#### [PROBLEM TO WORK ON]
Lines outside the range are not wanted. Give again exactly the lines between the line holding "can&rsquo;t get enough" and the line holding "#cozyvibes #namastenorth", inclusive, from the listing below.

##### GIVEN INFORMATION #####

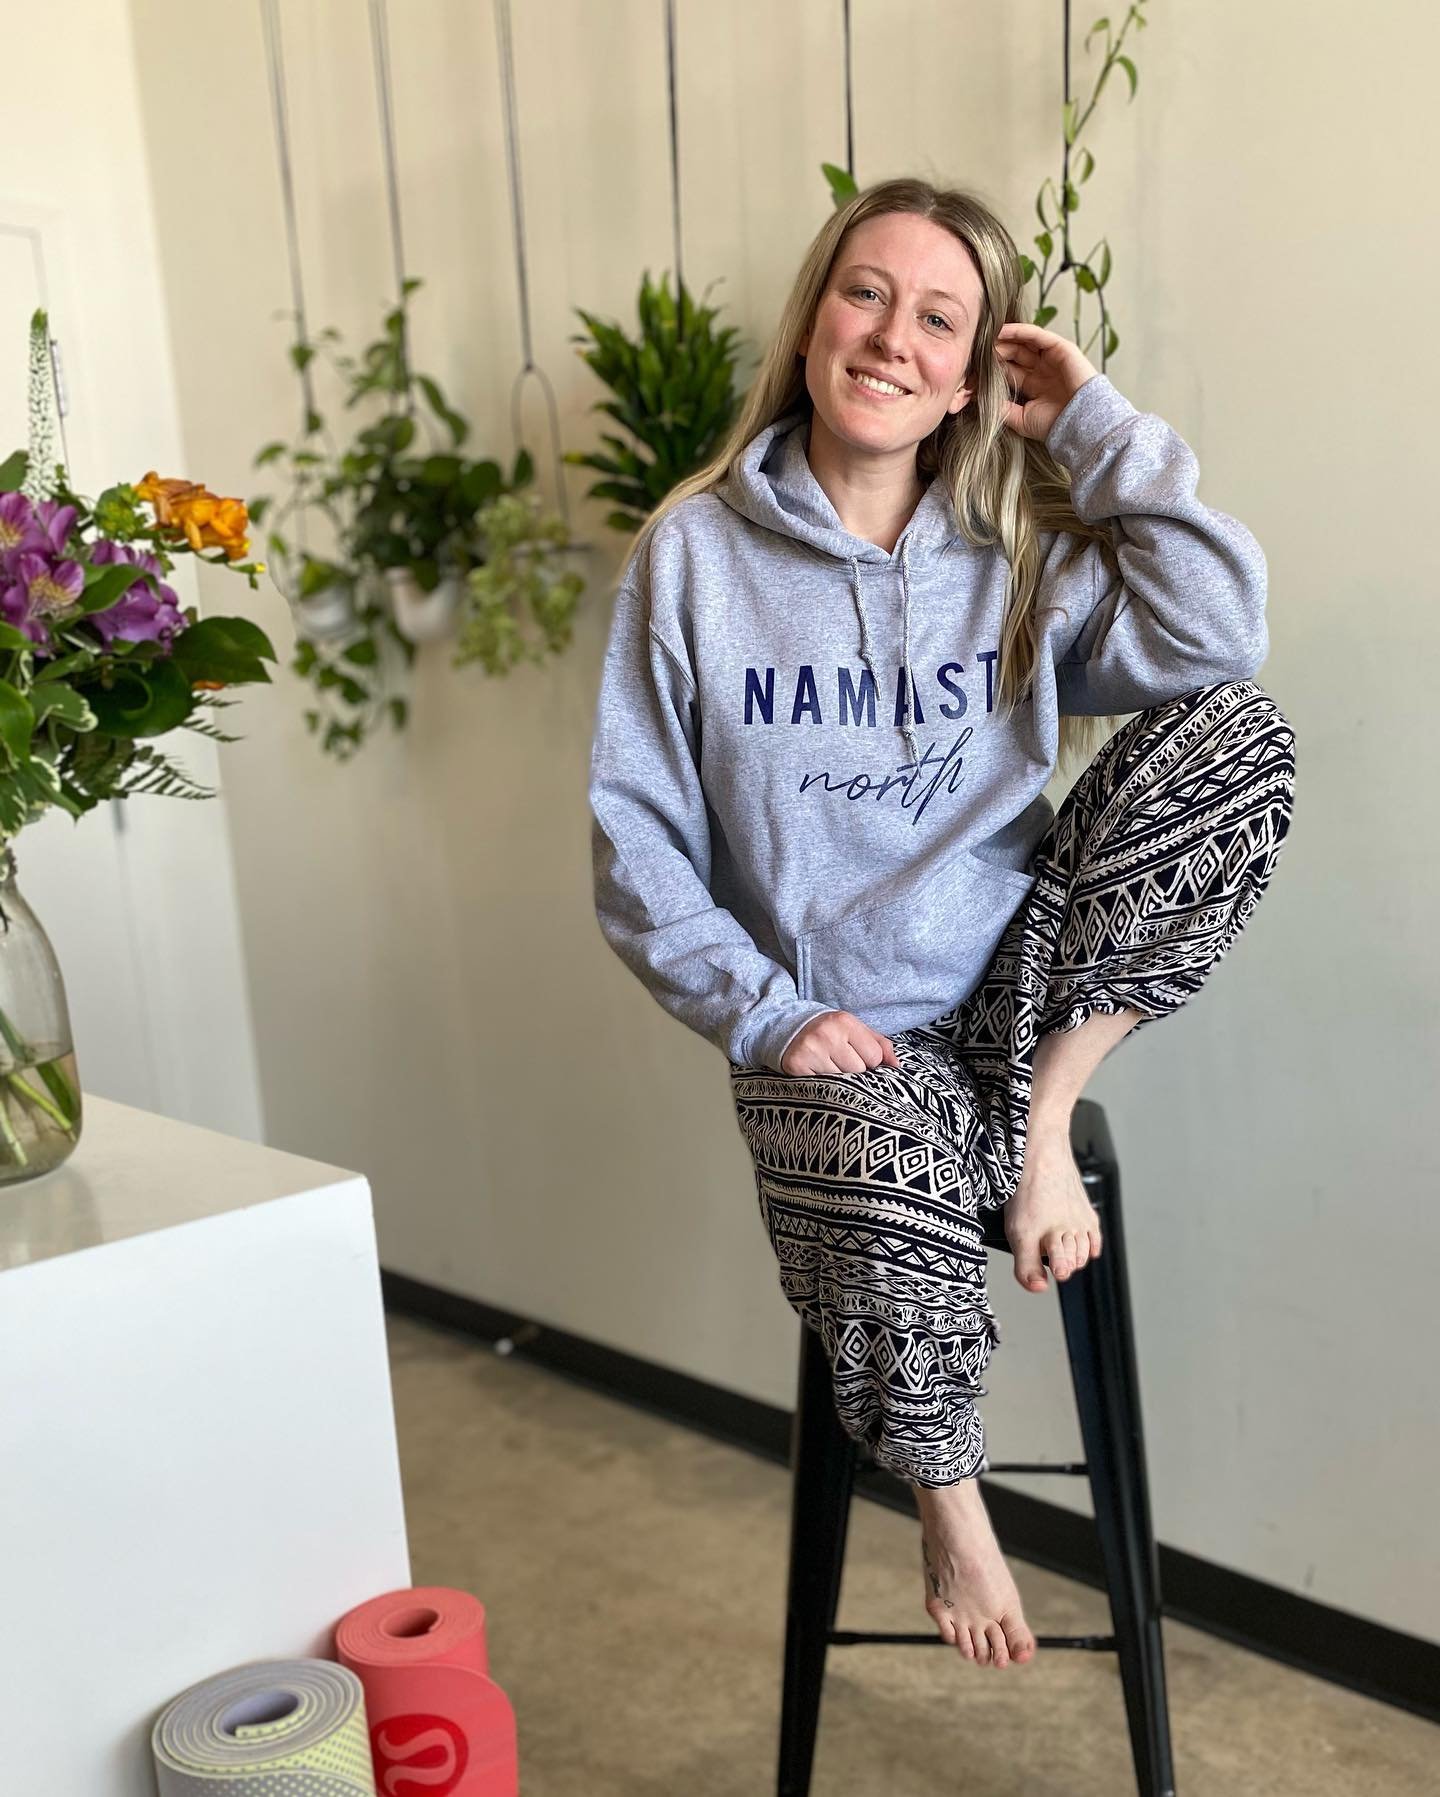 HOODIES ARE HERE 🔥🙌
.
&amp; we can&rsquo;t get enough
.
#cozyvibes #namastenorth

#####
##### GIVEN INFORMATION #####

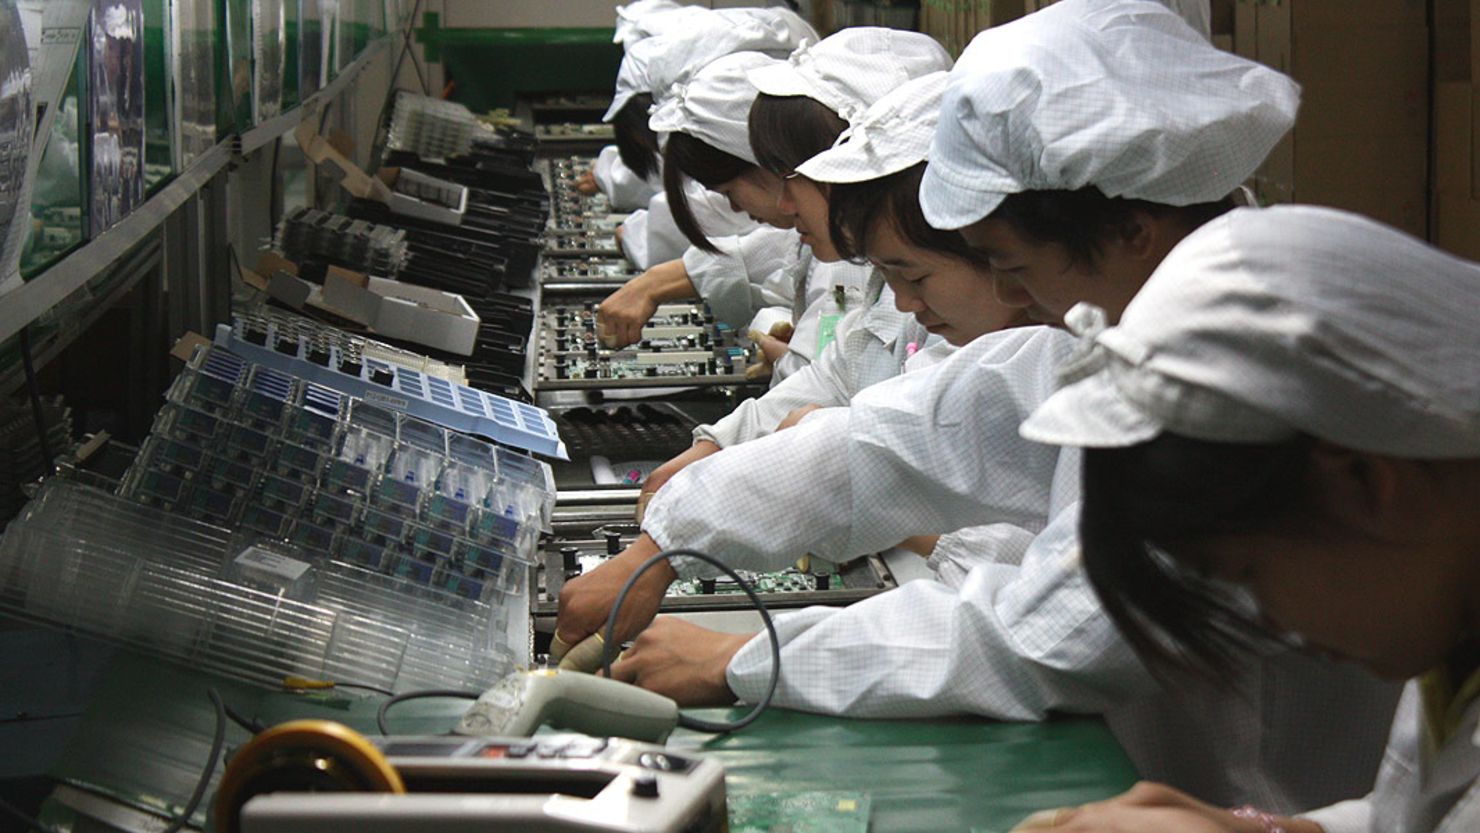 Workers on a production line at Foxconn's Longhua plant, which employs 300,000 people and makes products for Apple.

#####
##### GIVEN INFORMATION #####

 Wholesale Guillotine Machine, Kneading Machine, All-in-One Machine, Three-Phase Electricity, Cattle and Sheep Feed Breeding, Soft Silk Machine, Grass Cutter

#####

#### [RESPONSE TO THE TASK]
&amp; we can&rsquo;t get enough
.
#cozyvibes #namastenorth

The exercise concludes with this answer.